Primary source to help me

http://stackoverflow.com/questions/15926203/iis-as-a-reverse-proxy-compression-of-rewritten-response-from-backend-server

I followed suggestions including:


<urlCompression doStaticCompression="false" dynamicCompressionBeforeCache="false" doDynamicCompression="true" >[/xml ]


reg add HKEY_LOCAL_MACHINE\SOFTWARE\Microsoft\InetStp\Rewrite /v LogRewrittenUrlEnabled /t REG_DWORD /d 0[/code ]

  • Checked the ordered listing of modules – check.

Other useful resources

https://blogs.msdn.microsoft.com/friis/2016/08/25/setup-iis-with-url-rewrite-as-a-reverse-proxy-for-real-world-apps/

https://www.iis.net/learn/extensions/url-rewrite-module/creating-outbound-rules-for-url-rewrite-module

https://www.iis.net/learn/extensions/url-rewrite-module/url-rewrite-module-configuration-reference#UsingServerVars

Other settings

I set-up an application pool for the "site" (on the reverse-proxy) (I have a few SSL sites on the IIS Server and use Server Name Indication).  And I set appropriate restrictive NTFS permissions for the physical path for the site.

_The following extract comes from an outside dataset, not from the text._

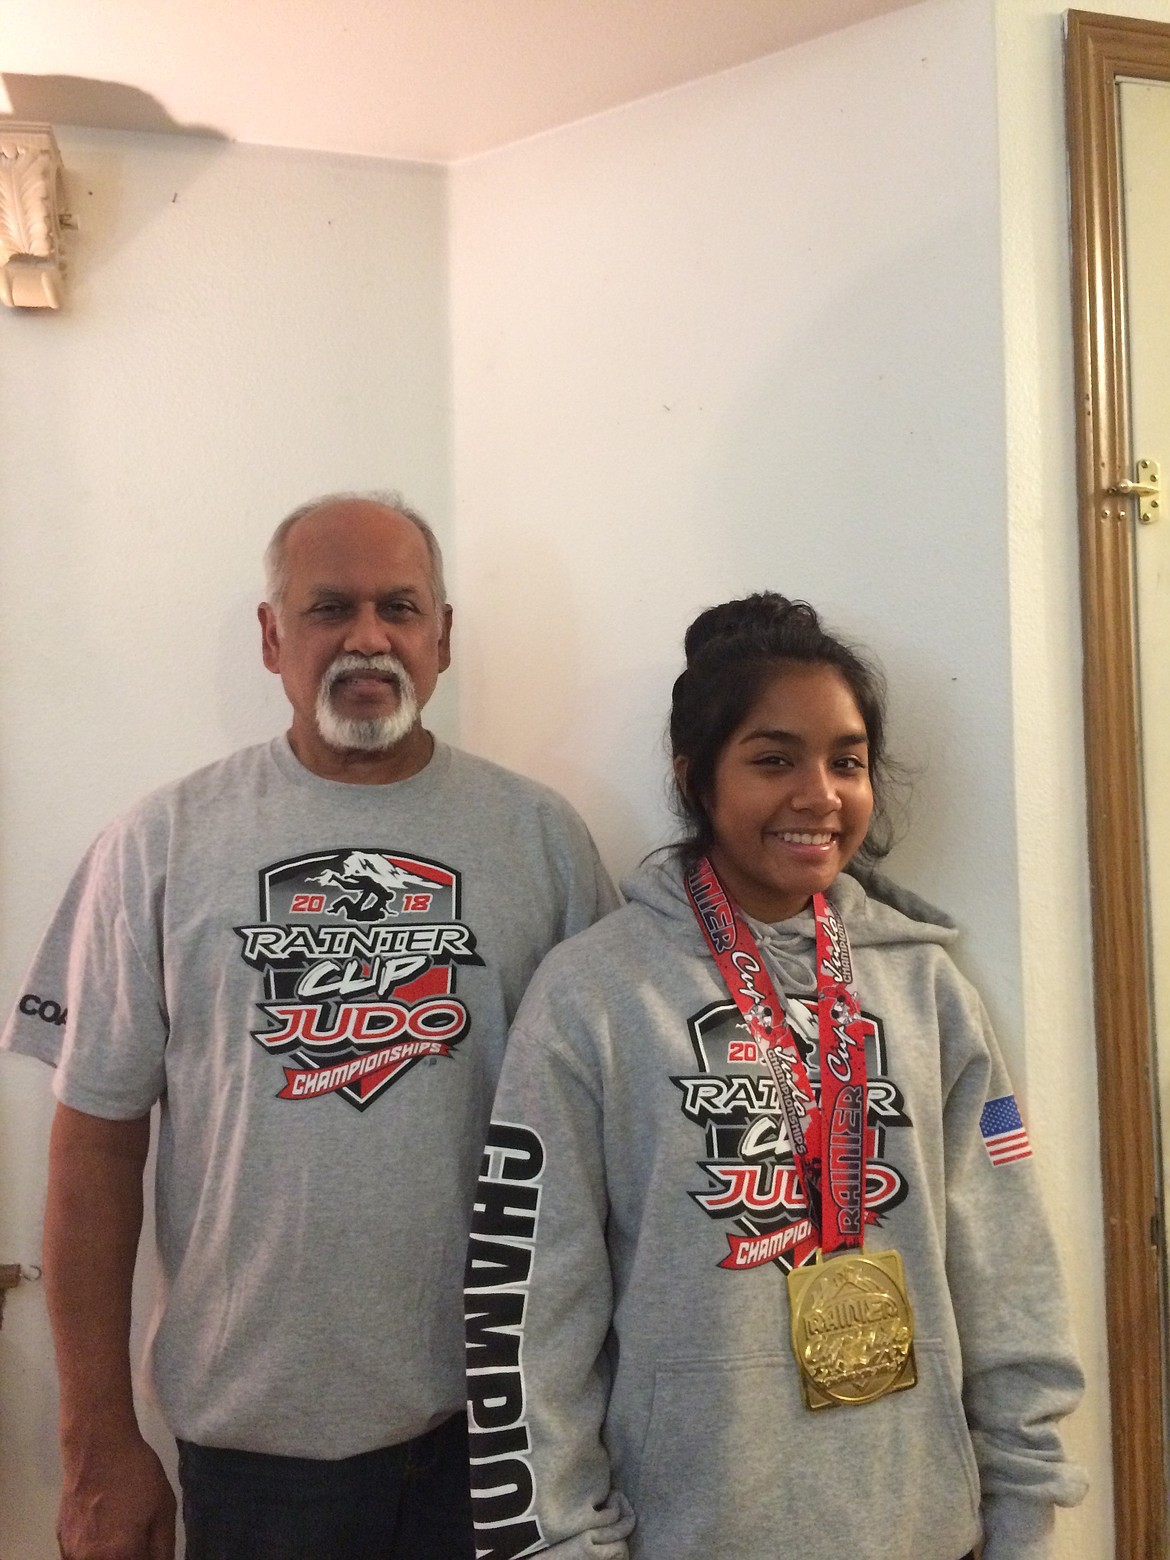 Courtesy photo
Goshinjitsu Martial Art School at Forge Fitness Center in Post Falls competed in the 2018 Rainier Cup Judo Championship in Lakewood, Wash., on Oct. 20. At right is Raji Singh, gold medal winner, pictured with her coach Bijay Singh.

During testing and experimentation, I experienced many "odd" errors by which I mean intermittent including the sudden cessation of https://blog.xarta.co.uk while pages from https://blog.xarta.co.uk/wp-admin/* still worked.  At one point I had specific issues when IFrames were used for some pages.  I received various error status codes, and "cache-private" notifications in response headers.  I investigated ARR caching - trying to disable as much as possible, and buffer sizes, and buffer thresholds etc. but many of the issues seem related to NTFS permissions to the physical path for the "site" (just containing web-config).  Difficult to pin down as there is definitely some "state" involved. So I set temporarily read-access to that path for "everyone" (if it definitely helps I'll try progressive restrictions e.g. IIS_USRS etc.) and it seems to have cleared all issues except, for now, the gzip (dynamic compression) problem.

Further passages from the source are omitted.